Gene Set Test output and GAF file comparison
It can happen that you will find some discrepancy in the number of genes in your Gene Set test results and the original GAF file. This is also the case for results of the Hypergeometric Tests on Annotations, and Gene Set Enrichment Analysis (GSEA) tools.
In some cases, the result contains more genes than expected for a GO term. When testing for the significance of a particular GO term, we take into account that GO has a hierarchical structure. For example, when testing for the term "GO:0006259 DNA metabolic process", we include all genes that are annotated with more specific GO terms that are types of DNA metabolic process. As can be seen on figure 33.88, these include genes that are annotated with the more specific term "GO:0033151 V(D)J recombination". This is because "GO:0033151 V(D)J recombination" is a subtype of "GO:0002562 somatic diversification of immune receptors via germline recombination within a single locus", which in turn is a subtype of "GO:0016444 somatic diversification of immune receptors", which is a subtype of "GO:0006310 DNA recombination", which is a subtype of the original search term "GO:0006259 DNA metabolic process". Websites like geneontology.org ([Ashburner et al., 2000] and [The Gene Ontology Consortium, 2019]) provide an overview of the hierarchical structure of GO annotations.
Figure 33.88: Hierarchical structure of GO annotations from geneontology.org.
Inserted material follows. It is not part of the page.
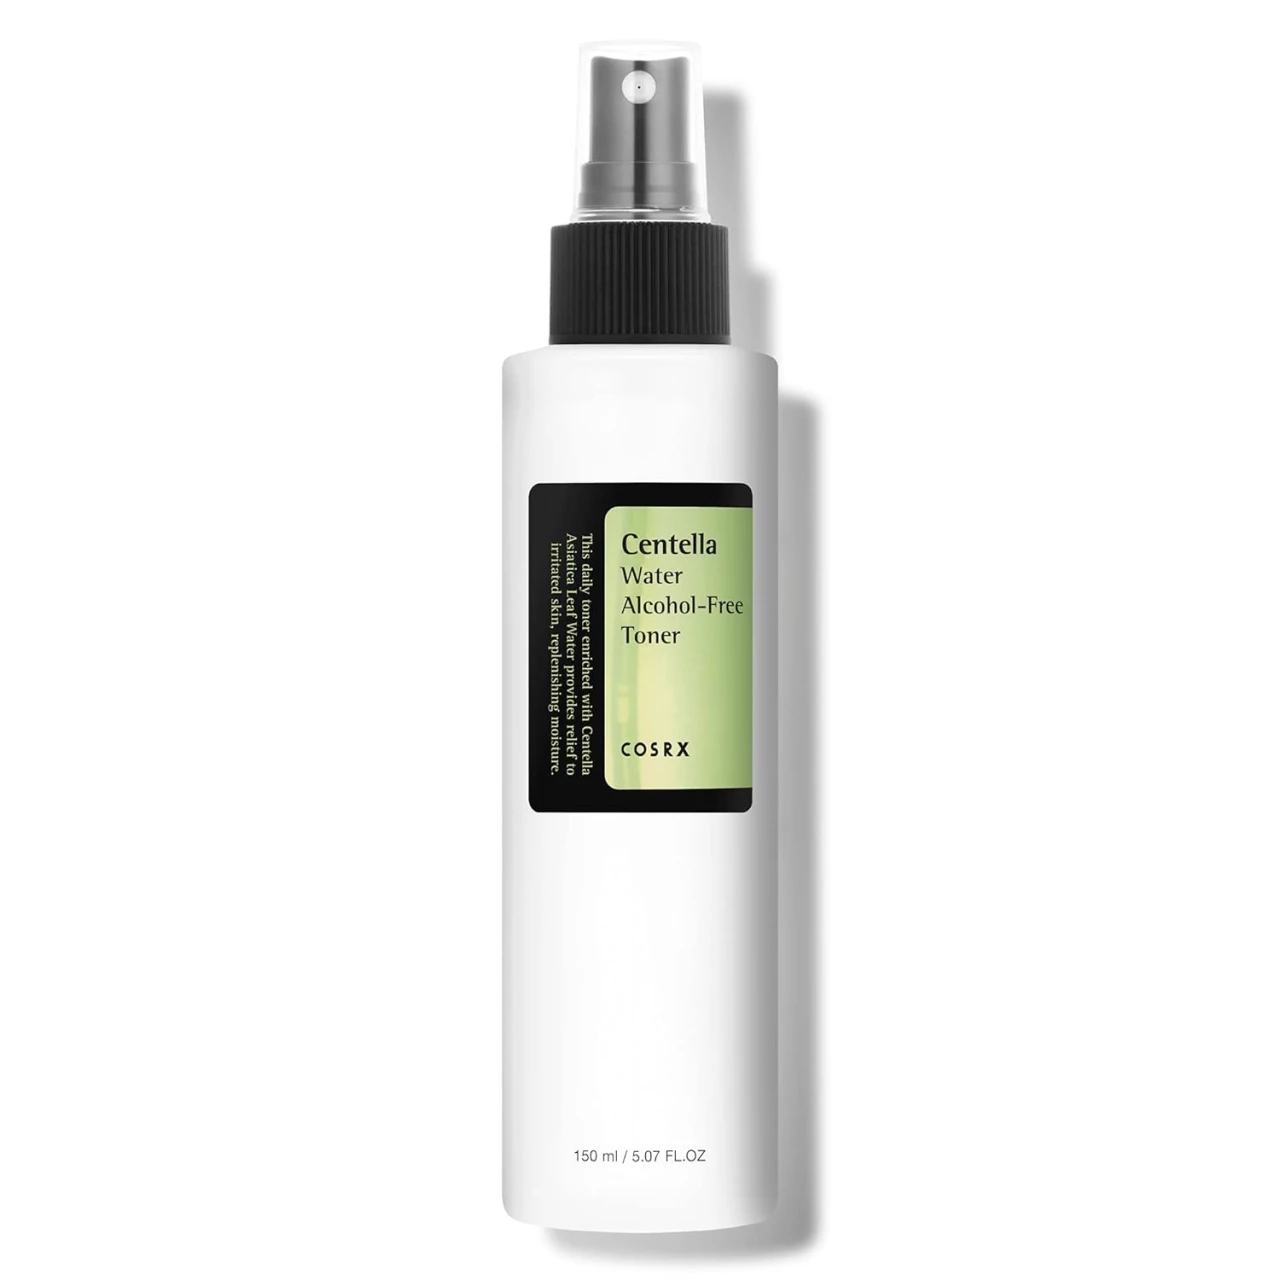 COSRX Centella Water Alcohol-Free Toner, 150ml / 5.07 fl.oz | Centella Asiatica for Soothing | Korean Skin Care

In other cases, some annotations in the GAF file are missing from the Gene Set Test result. If the option "Exclude computationally inferred GO terms" is selected, then annotations in the GAF file that are computationally inferred (their description includes the [IEA]
tag as in figure 33.89) will be excluded from the result. Thus, if the GAF file shows that almost all annotations are computationally inferred, we recommend the tool be run without "Exclude computationally inferred GO terms".
Figure 33.89: The [IEA] tag describes annotations that are computationally inferred.